**Your goal:** Beneath this line sits some data. Return only its lines from the one holding "Notebook samsung com" through the one holding "Ein Käfig von", inclusive, exactly, with the images removed.

**Data shown:**
· · · ·
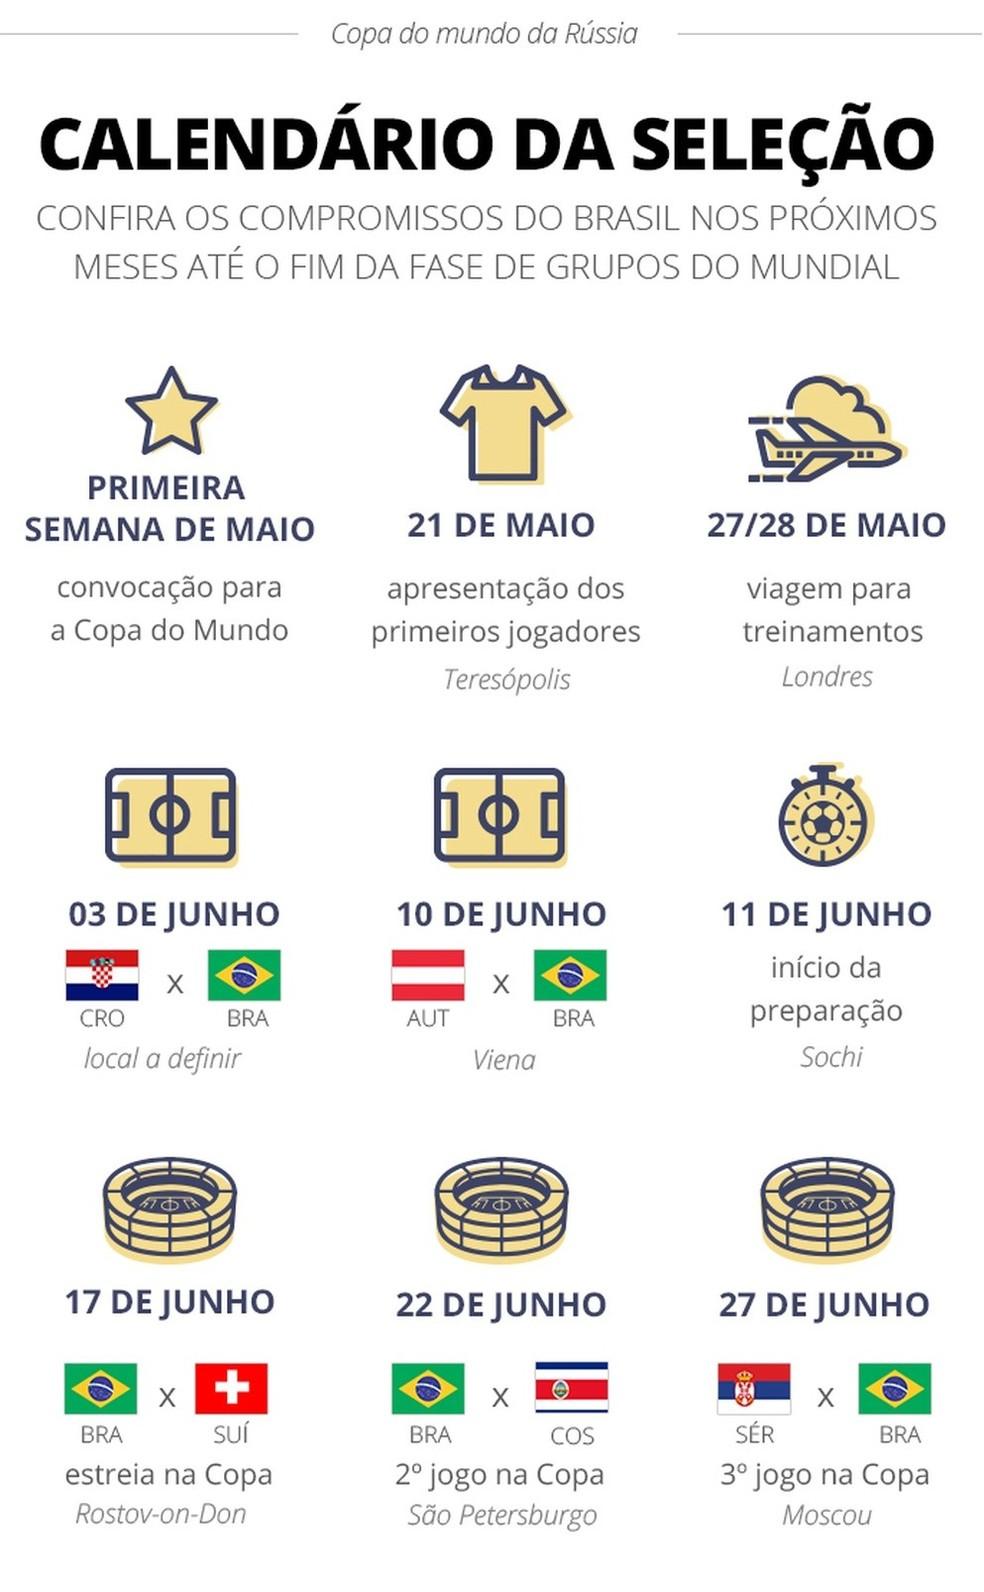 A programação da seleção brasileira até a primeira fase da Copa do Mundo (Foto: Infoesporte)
· · · ·
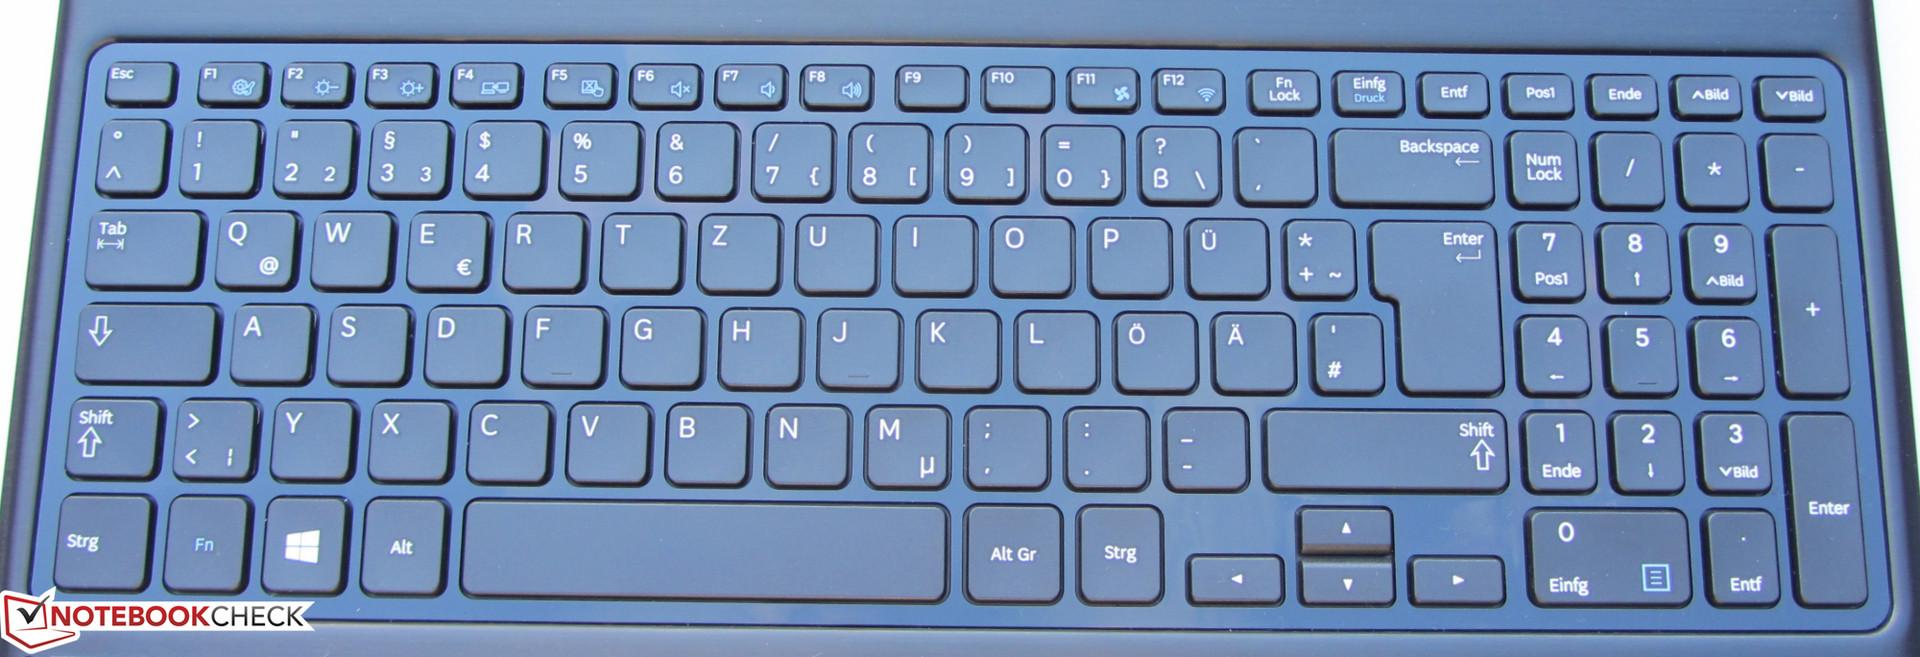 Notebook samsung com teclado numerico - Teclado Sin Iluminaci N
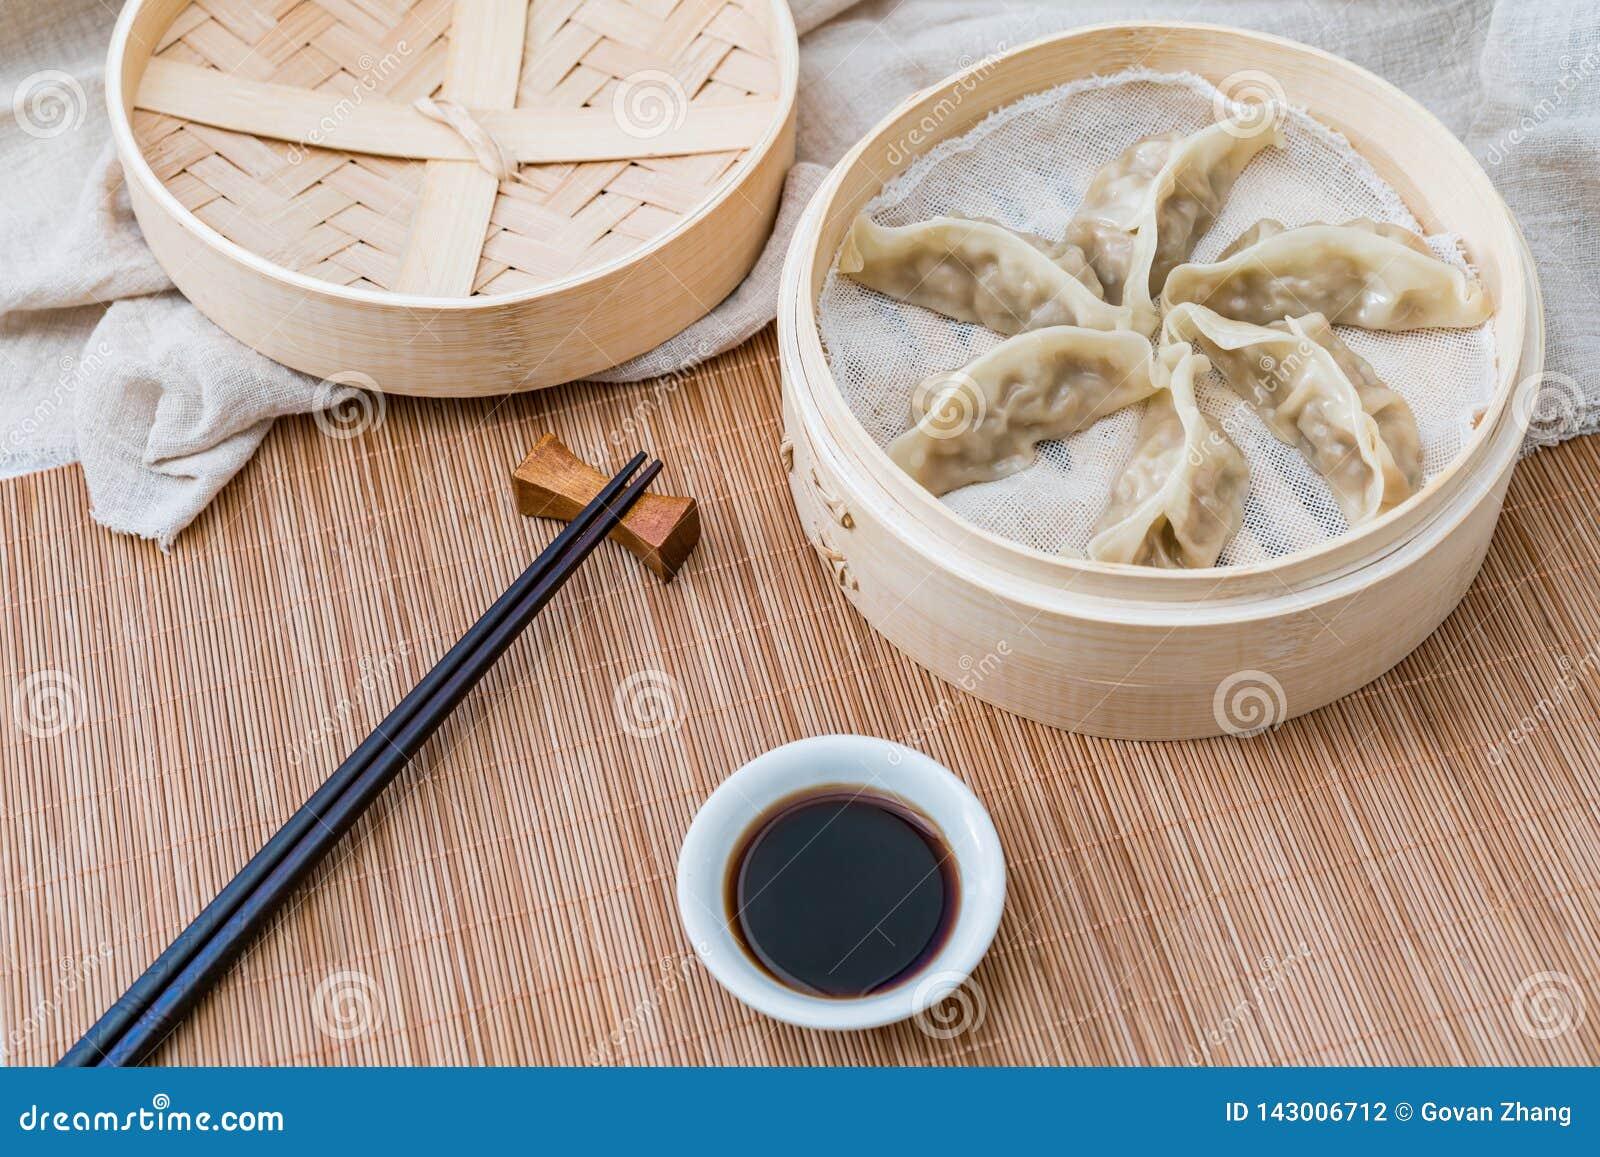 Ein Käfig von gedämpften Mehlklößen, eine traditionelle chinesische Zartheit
· · · ·
**Answer section:**
 Notebook samsung com teclado numerico - Teclado Sin Iluminaci N
 Ein Käfig von gedämpften Mehlklößen, eine traditionelle chinesische Zartheit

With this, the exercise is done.